Эмбер опять отложил перо, посидел, затерявшись в мыслях. Он тоже участвовал в этой блестящей карьере. Неприметный филолог, переводчик Шекспира, в зеленой и влажной стране которого прошла его студенческая юность, он неловко и простодушно вышел к рампе, когда издатель попросил его применить обратный процесс к «Komparatiwn Stuhdar en Sophistat tuen pekrekh», или, как более хлестко называлось американское издание, к «Философии греха» (запрещенной в четырех штатах и ставшей бестселлером в прочих). Странный фокус произвел случай, — этот шедевр эзотерической мысли мгновенно пришелся по сердцу читателю среднего класса и целый сезон спорил за высшие почести с грубоватой сатирой «Прямой слив», а в следующем году — с романтическим повествованием Елизаветы Дюшарм о Юге «Когда поезд проходит» и еще двадцать девять дней (год выпал високосный) — с нареченным книжных клубов, с «По городам и деревням», а потом еще два года — с замечательной помесью святой облатки и петушка на палочке, с «Аннунциатой» Луиса Зонтага, так чинно начавшейся в пещерах святого Варфоломея и закончившейся хаханьками.
Первое время Круг, хоть он и прикидывался довольным, весьма раздражался всей этой историей, а Эмбер конфузился, пытался оправдываться и втайне гадал, не содержит ли личная его разновидность сочного, синтетического английского языка какой-то диковинной примеси, дрянной добавочной пряности, которая могла отвечать за это нежданное возбуждение; но с проницательностью, много превосходившей ту, что проявили двое ученых мужей, Ольга приготовлялась к грядущим годам наслаждения успехом книги, самую соль которой она понимала лучше, чем эфемерные рецензенты. Это она заставила впавшего в панику Эмбера склонить Круга отправиться в лекционное турне по Америке, как бы предвидя, что шумные его отголоски обеспечат Кругу на родине такое почтение, какого труд его, оставаясь облаченным в национальный костюм, никогда бы не смог ни исторгнуть из академической флегмы, ни внушить коматозной массе аморфных читателей. Да и сама поездка не разочаровала его. Ни в коей мере. И пусть Круг оставался, как и всегда, прижимистым и, не разбазаривая в пустых разговорах впечатлений, могущих впоследствии претерпеть непредсказуемые метаморфозы (если позволить им тихо окукливаться в аллювиальных отложениях мозга), мало говорил о турне, Ольга сумела полностью воссоздать его и с ликованием преподнести Эмберу, который смутно ожидал разлива саркастического отвращения. «Отвращения? — воскликнула Ольга. — Еще чего, этого ему и тут хватало. Отвращения, надо же! Восторг, наслаждение, оживление воображения, дезинфекция мозга, togliwn ochnat divodiv [ежедневный сюрприз пробуждения]!»
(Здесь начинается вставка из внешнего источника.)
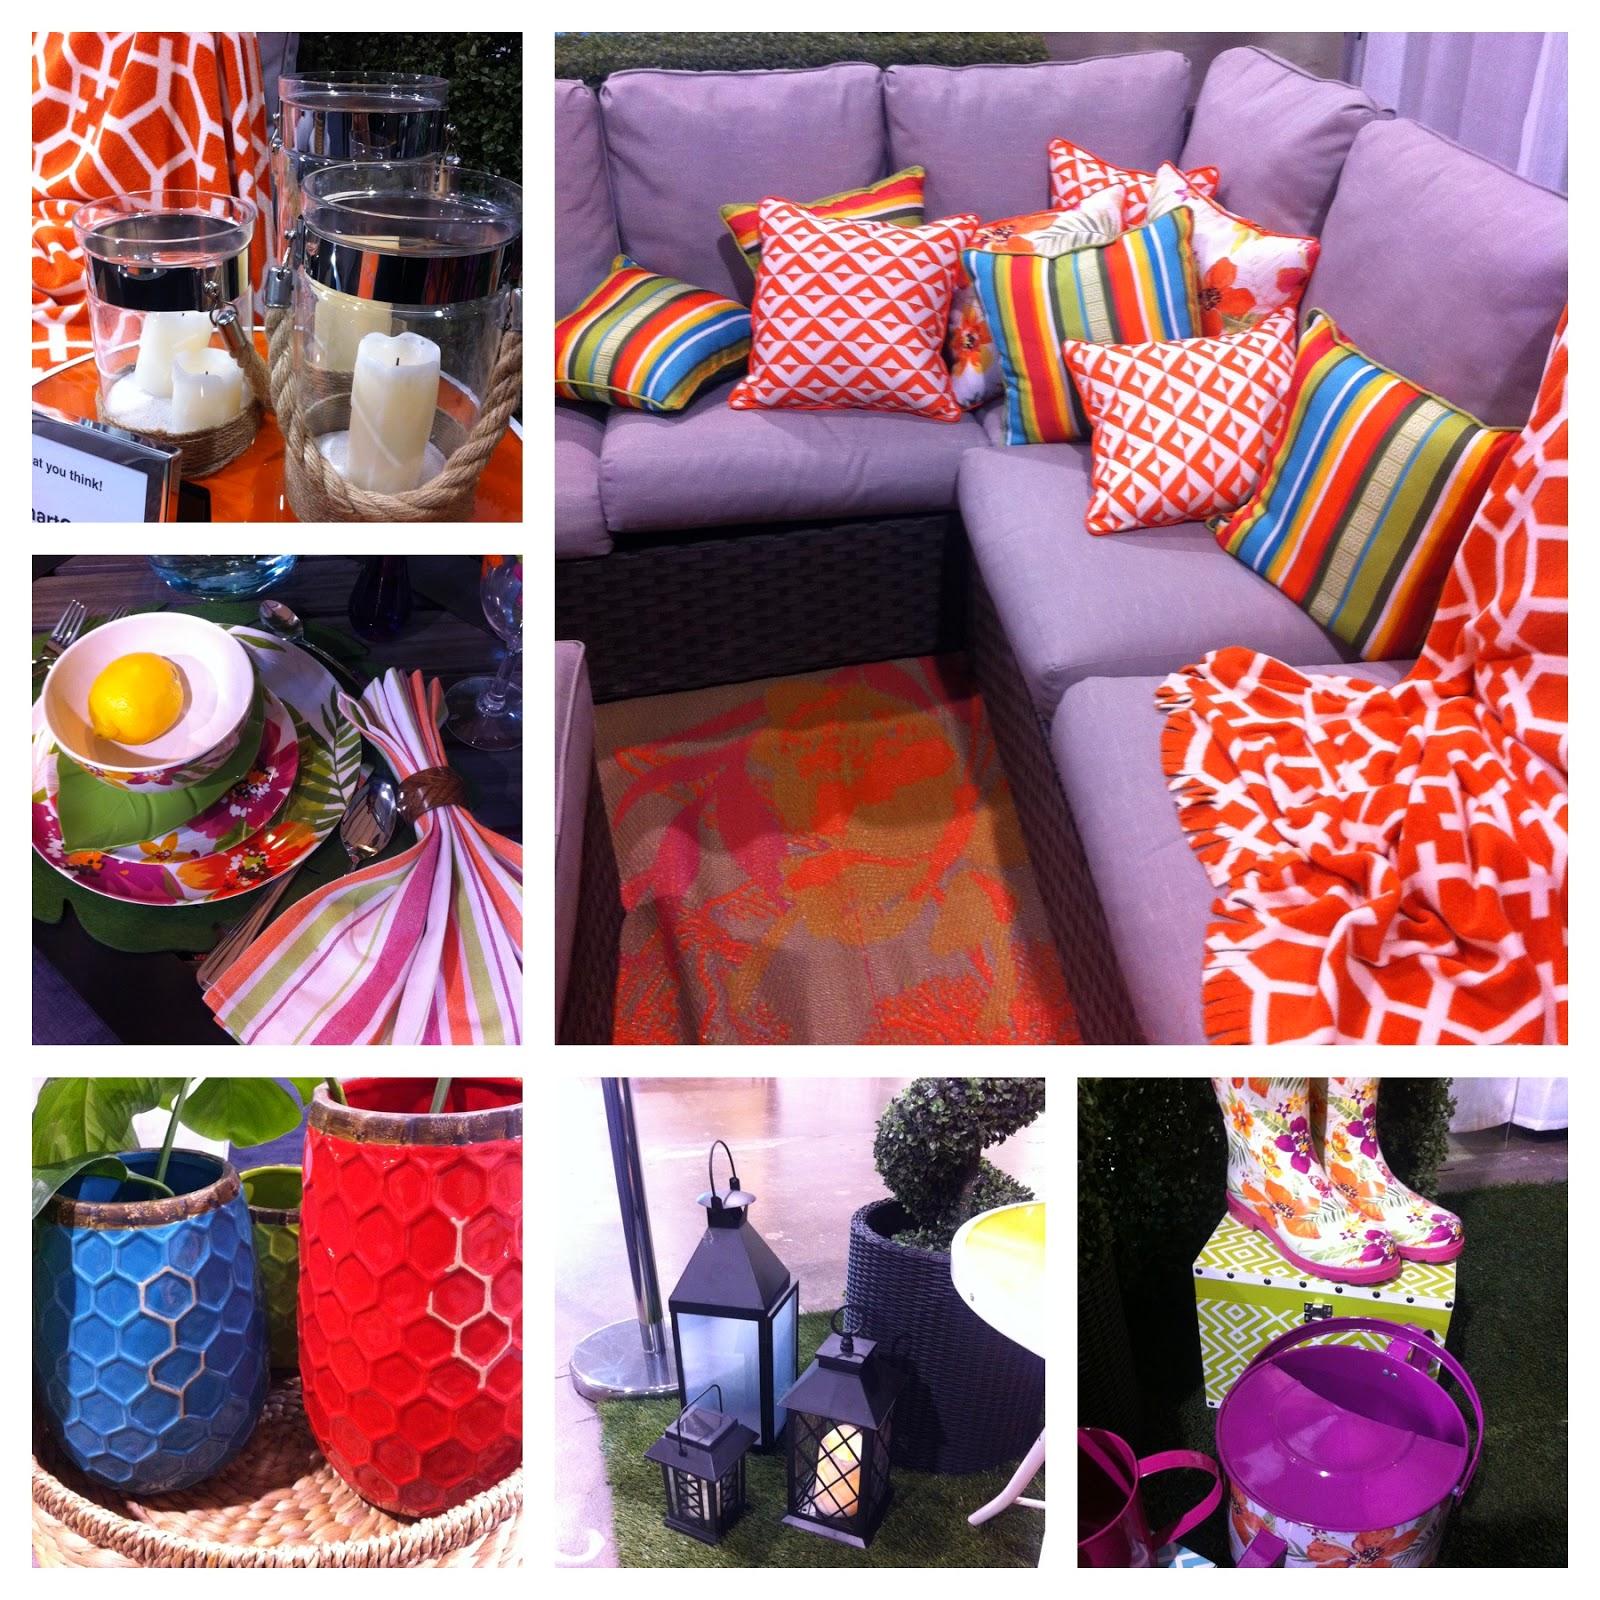 Walmart Outdoor Furniture, Walmart Outdoor Living, Outdoor Patio & Furniture, Walmart Outdoor Collection 2014

«Ландшафты, еще не замызганные заурядной поэзией, и жизнь — чванливый чужак, которого хлопнули по спине и сказали: расслабься.» Он написал это по возвращении, и Ольга с ведьминым удовольствием вклеивала в шагреневый альбом туземные околичности насчет оригинальнейшего мыслителя нашего времени. Эмбер вспоминал ее щедрое существо, ее ослепительные тридцать семь, яркие волосы, полные губы, тяжелый подбородок, так шедший воркующим полутонам ее голоса, — что-то от чревовещателя в ней, непрестанный внутренний разговор, следующий в полусумраке ив извилистому течению ее действительной речи. Он видел Круга, кряжистого, припорошенного перхотью маэстро, сидящего с довольной и смущенной ухмылкой на крупном лице (схожем с бетховенским общим соотношением неотшлифованных черт), — да, развалившегося в старом красного дерева кресле, пока Ольга жизнерадостно ведет разговор, — и живо припомнилось, как она отпускала предложение скакать и откатываться, а сама трижды быстро кусала кекс, припомнился быстрый строенный всплеск ее полной ладони над вдруг напрягшейся юбкой, когда она смахивала крошки и продолжала рассказ. Почти экстравагантно здоровая, настоящая radabarbra [красивая женщина в полном цвету]: эти широко раскрытые, сияющие глаза, эта вспыхнувшая щека, к которой она прижимает прохладный тыл ладони, этот светящийся белый лоб с еще более белым шрамом — следом автомобильной аварии в угрюмых горах легендарного Лагодана. Эмбер не видел, как можно расправиться с воспоминанием о такой жизни, с восстанием такого вдовства. С ее маленькими ступнями и крупными бедрами, с девичьей речью и грудью матроны, с ярким остроумием и потоками слез, пролитых той ночью, пока сама она исходила кровью, над искалеченной, заходящейся криком ланью, выскочившей под слепящие фары машины, со всем этим и со многим иным, чего, знал Эмбер, он знать не может, она будет ныне лежать щепотью синеющей пыли в холодном ее колумбарии.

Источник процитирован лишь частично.